Actively doing something that predictably results in 7.6% less traffic to your profit generating website seems quite the questionable business decision.


How much money are you spending on dealing with IE11 bugs? My estimate from my last job is more than that 7% brings in.


Assuming IE11 users are otherwise representative of the customer base, multiply your total web based revenue by 7.6%. (If this assumption is wrong, then just check your reports to get the correct number.) If, for example, the business in question makes $10M yearly revenue, your estimate has 7 entire devs working exclusively on IE11 support fulltime, year round.

That is one fancy as fuck ecommerce site to be that reliant on features in modern browsers that lack automated transcompilation/shim generating tooling.


Are there actually IE11 bugs at a noticeably higher rate than bugs (or intentional deprecations) in other browsers?
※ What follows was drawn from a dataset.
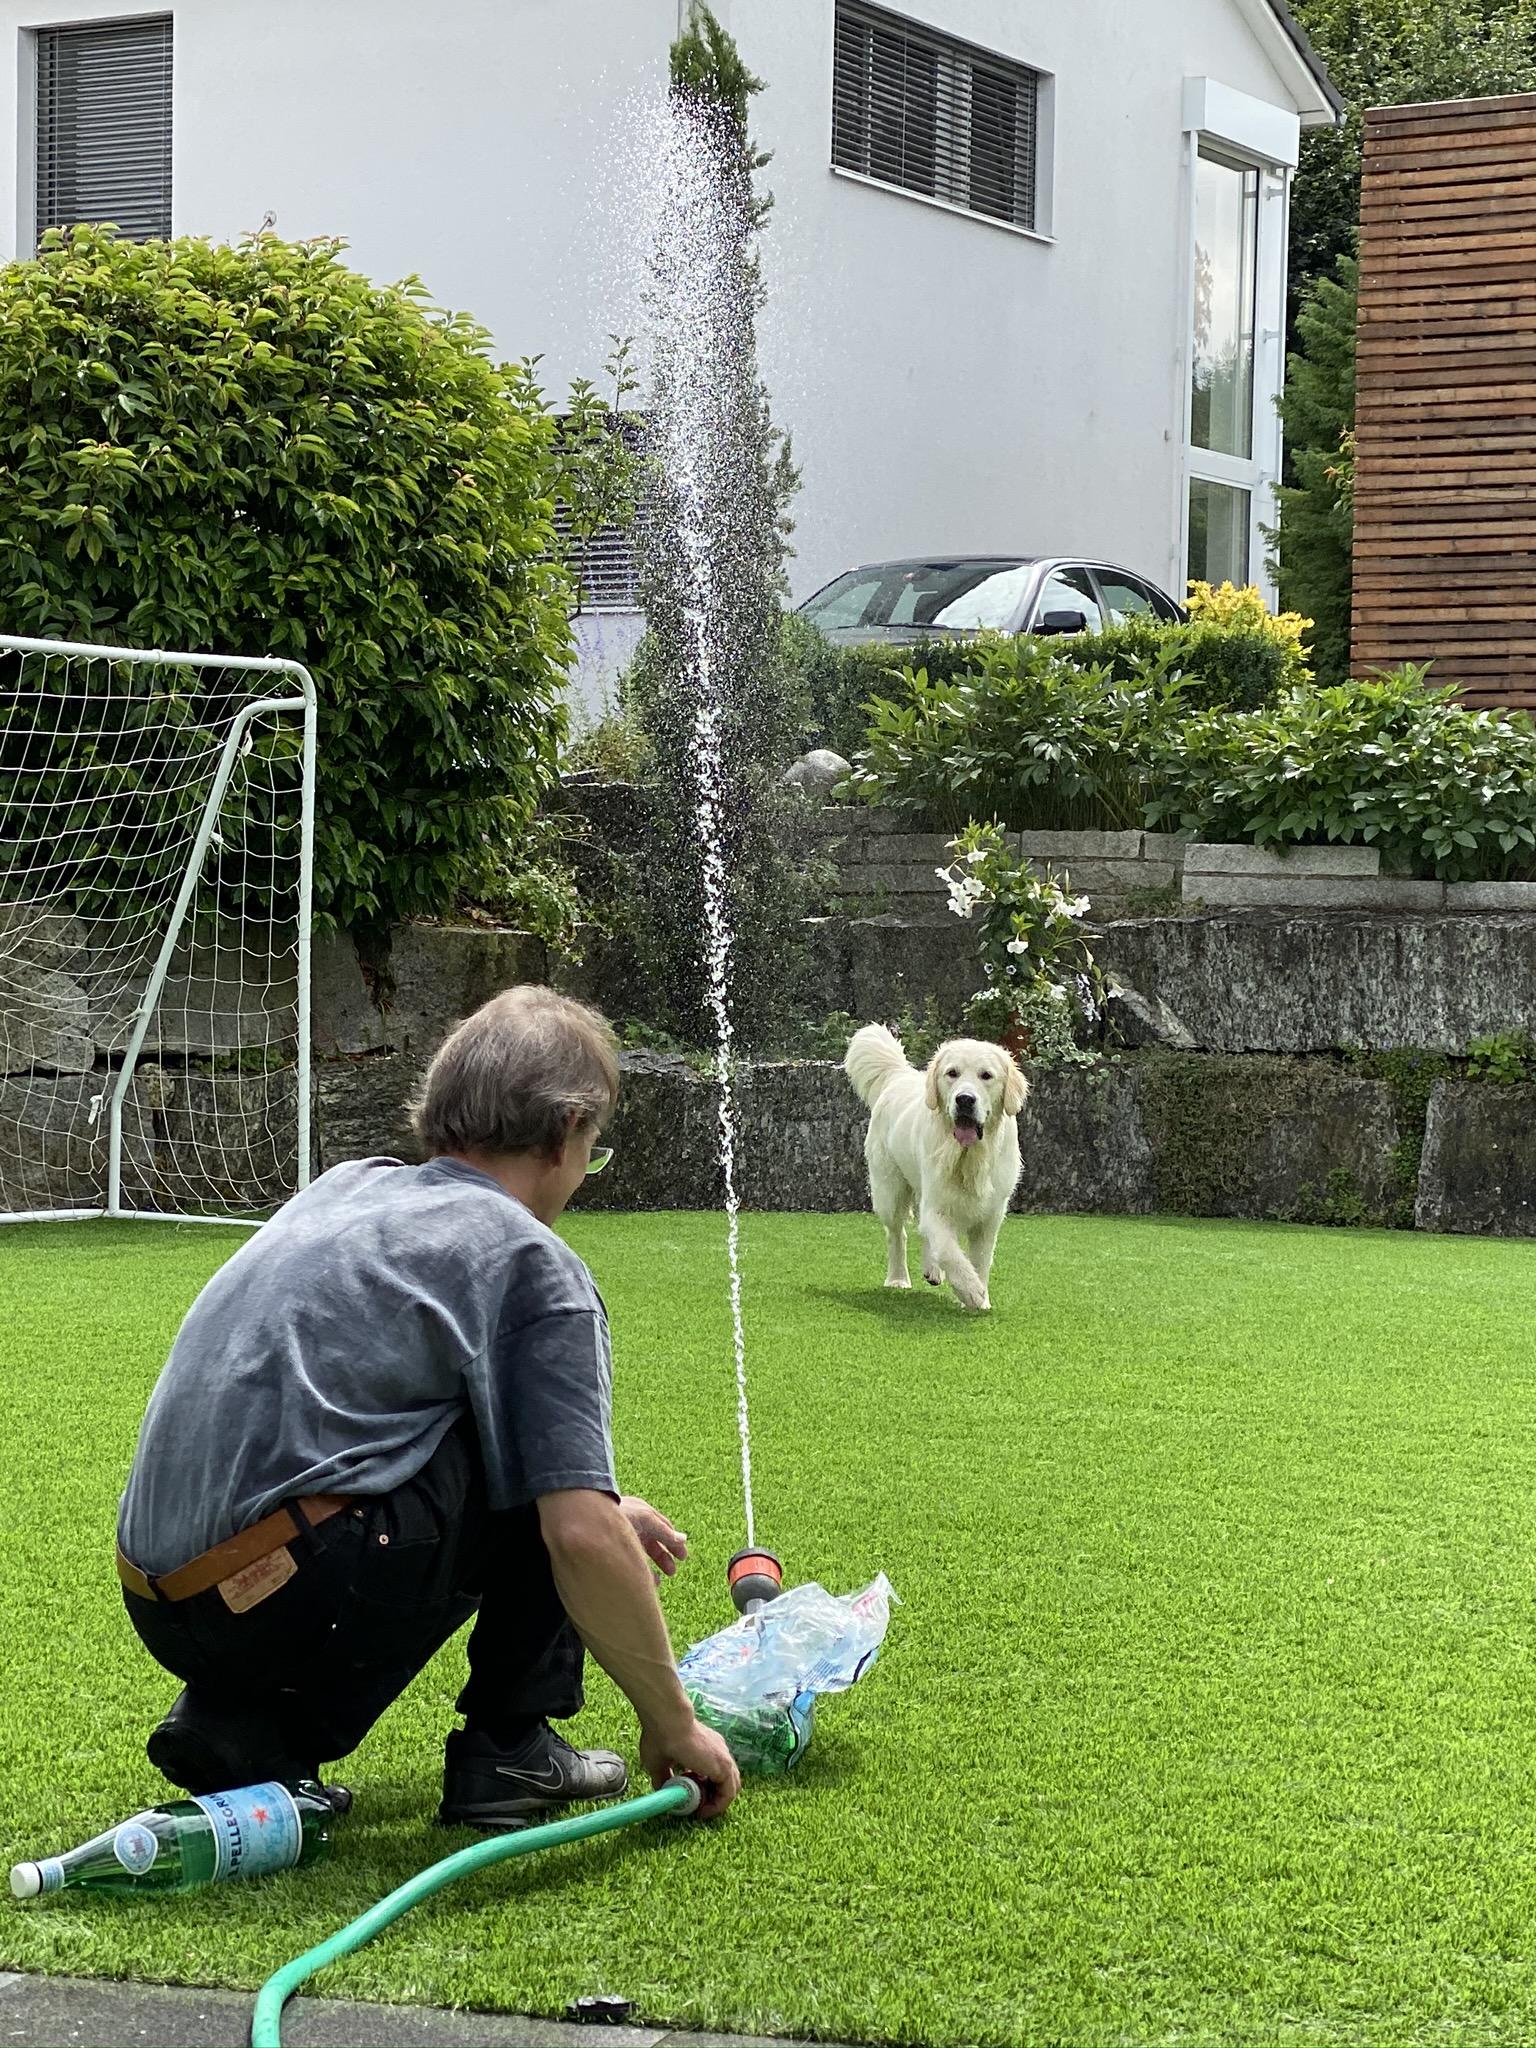 Wasserparty bei uns zu Hause - ich liiiiebe das!!!

I thought we were just talking about a lack of new features that are present in Edge.

(If you were talking about IE5 or IE6 I'd understand the argument.)


most ie11 bugs that are relevant/annoying are around its flexbox impl. specifically equal height boxes via min-height and such. maybe some other fancy css animation or 3d transform stuff, but these are not terribly critical and can degrade without much impact.

thankfully, js and dom bugs are either rare or well-known and have lightweight polyfills.


would you find it acceptable if 1 of every 13 customers was unable to use your ecommerce site after you paid good money to acquire him/her via ads?

7.6% is a huge number. we dont even start discussions until traffic is < 2% (and also a huge pain in the ass to support). IE11 is not actually that terrible.


7.6% is huge,indeed.


7.6% can be absolutely HUGE. I have to support Samsung "The Internet" version 2.1.... and that's about 1% of traffic. But the amount that that still brings in in a single month is enough to pay a developers yearly salary.